Cellular Location of p27Kip1 Regulates MuSC Function in Part through the Induction of Autophagy

(A) Upper: p27Kip1 protein expression in both cytoplasmic and nuclear compartments of freshly sorted MuSCs across age groups. Lower: quantification of percentage of cytoplasmic and nuclear expression of p27Kip1 (N = 3 independent experiments).

(B) Upper: p27Kip1 protein expression in both cytoplasmic and nuclear compartments of activated MuSCs (48 hr in culture) across age groups. Lower: quantification of percentage of cytoplasmic and nuclear expression of p27Kip1 (N = 3 independent experiments).

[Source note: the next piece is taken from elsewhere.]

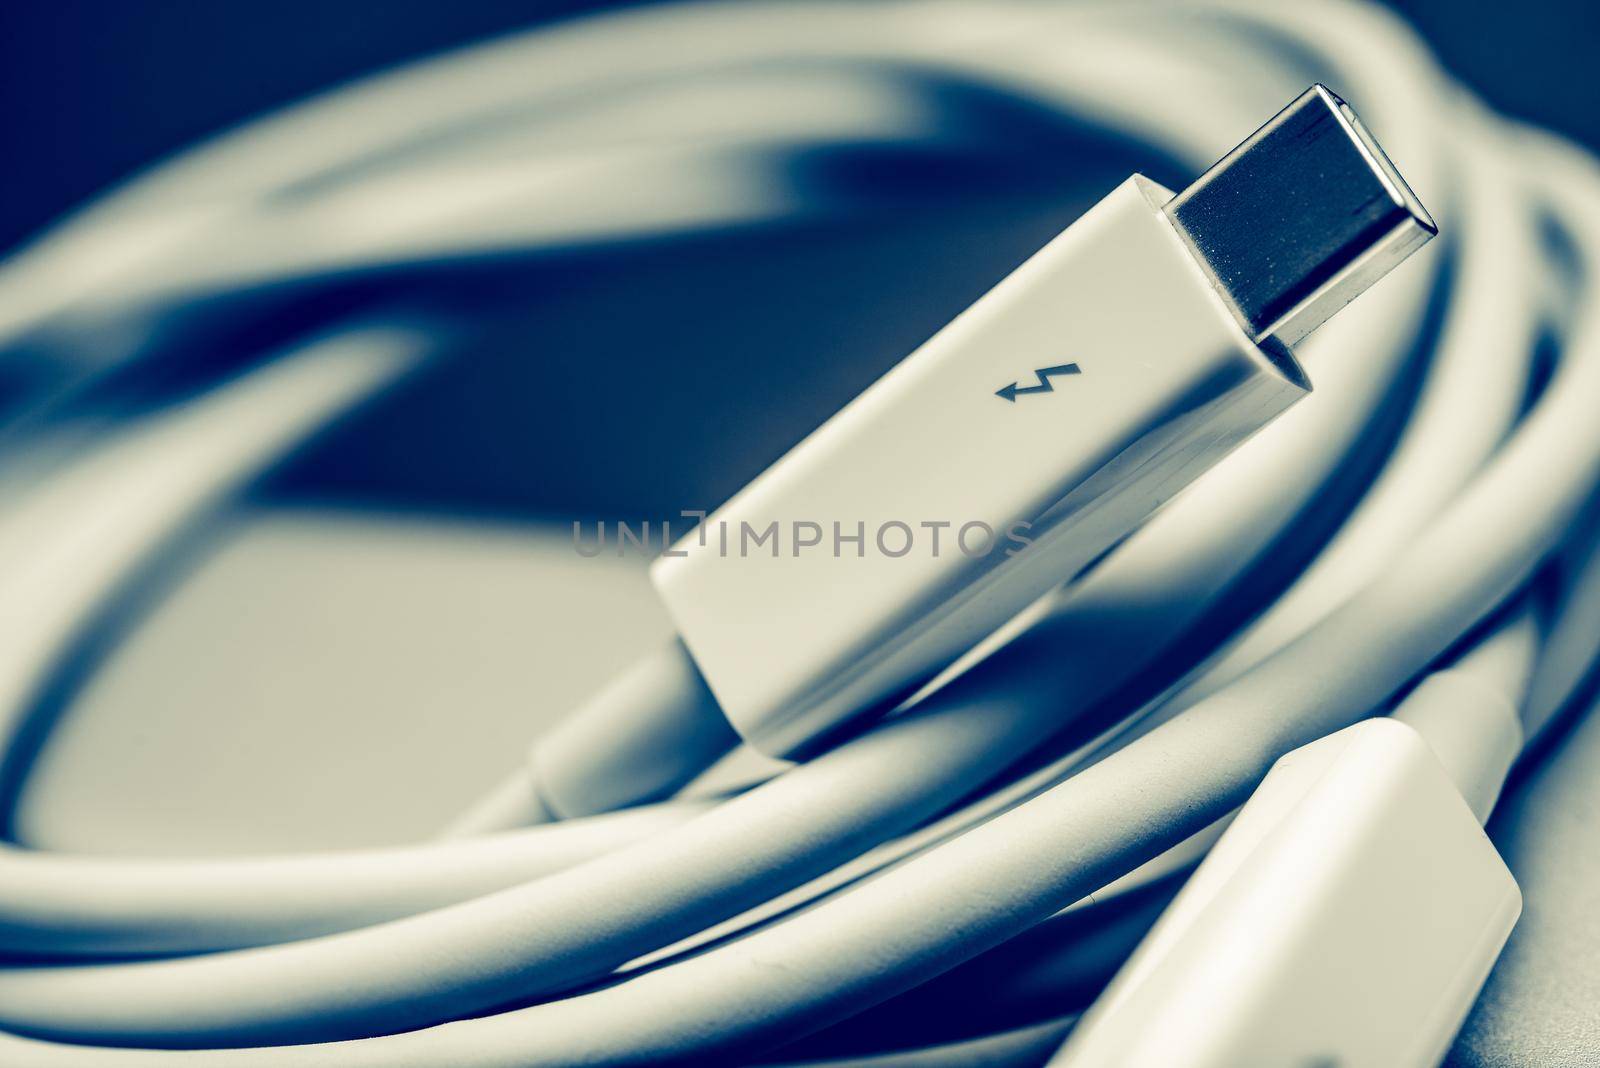 White Thunderbolt Cable Closeup Photo. Thunderbolt Data Transfer Cable.
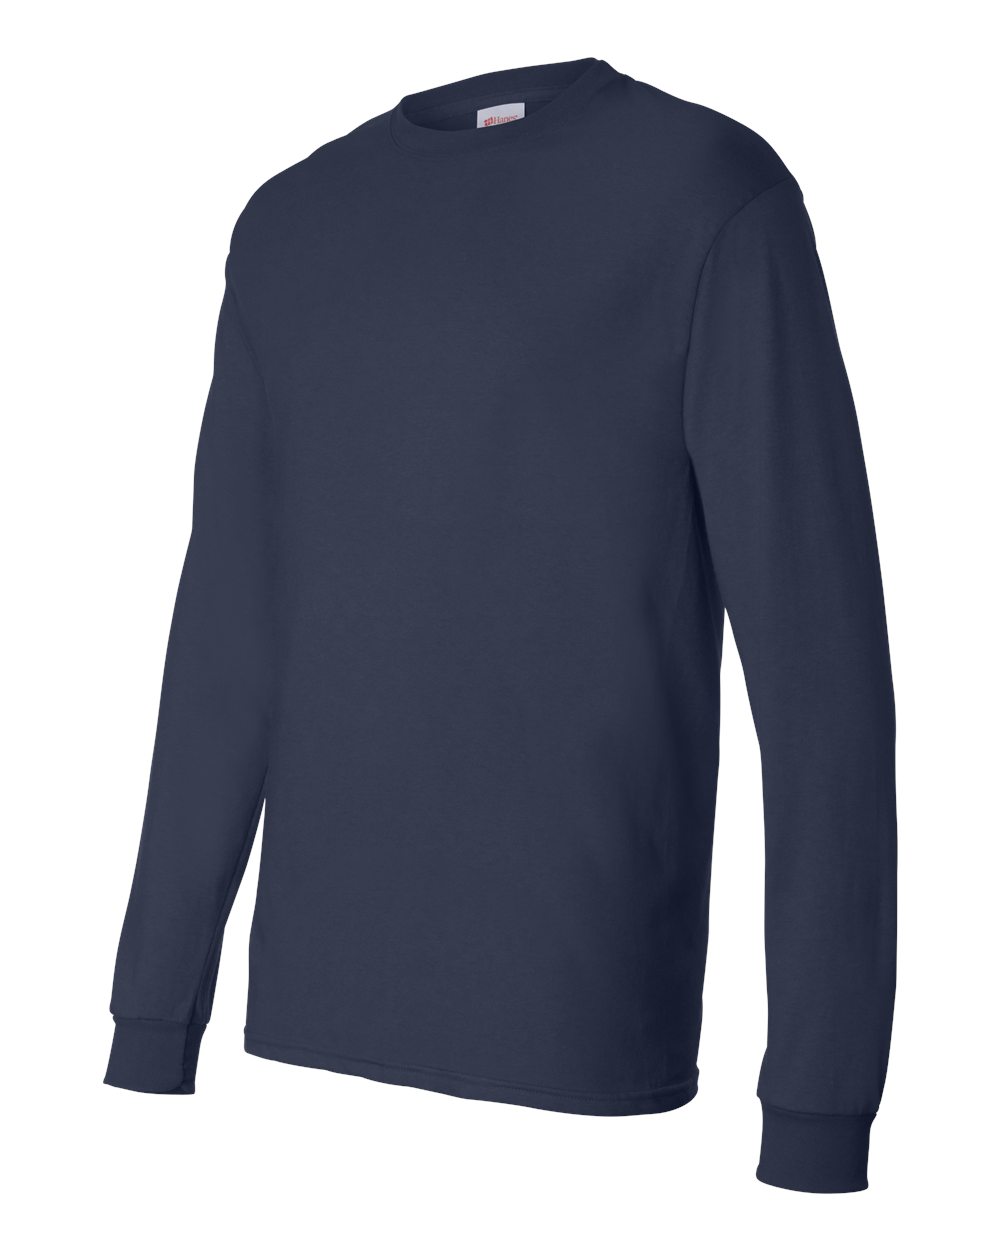 Hanes 5286 - ComfortSoft Heavyweight Long Sleeve T-Shirt

(C) p27Kip1 phosphorylation status-mediated cellular location and autophagy. Left: immunofluorescence staining of LC3B and p27Kip1 expression of young MuSCs overexpressing GPF-labeled WT p27Kip1, p27Kip1(198A), or p27Kip1(198D). All cells were treated with chloroquine for the final 12 hr of culture. LC3B, red; p27Kip1, green; DAPI, blue. Scale bar, 5 μm in (C). Right: quantification of relative change in LC3B puncta across treatment groups (N = 3 independent experiments).

(D) LC3B isoform protein expression in young MuSCs overexpressing WT p27Kip1, p27Kip1(198A), or p27Kip1(198D).

(E) Upper: EdU incorporation in control or p27Kip1(198A) overexpressing young MuSCs. Lower: quantification of percentage of EdU(+) MuSCs in each group (N = 3 independent experiments).

(F) Upper: EdU incorporation in control, p27Kip1(198A) overexpressing or p27Kip1(198D) overexpressing geriatric MuSCs with or without Atg5 knockdown. Lower: quantification of percentage of EdU(+) MuSCs in each group (N = 3 independent experiments).

Signifies difference from young or control cells; † signifies difference from old cells (p < 0.05). Scale bars, 100 μm in (E) and (F). Data are presented as means ± SE.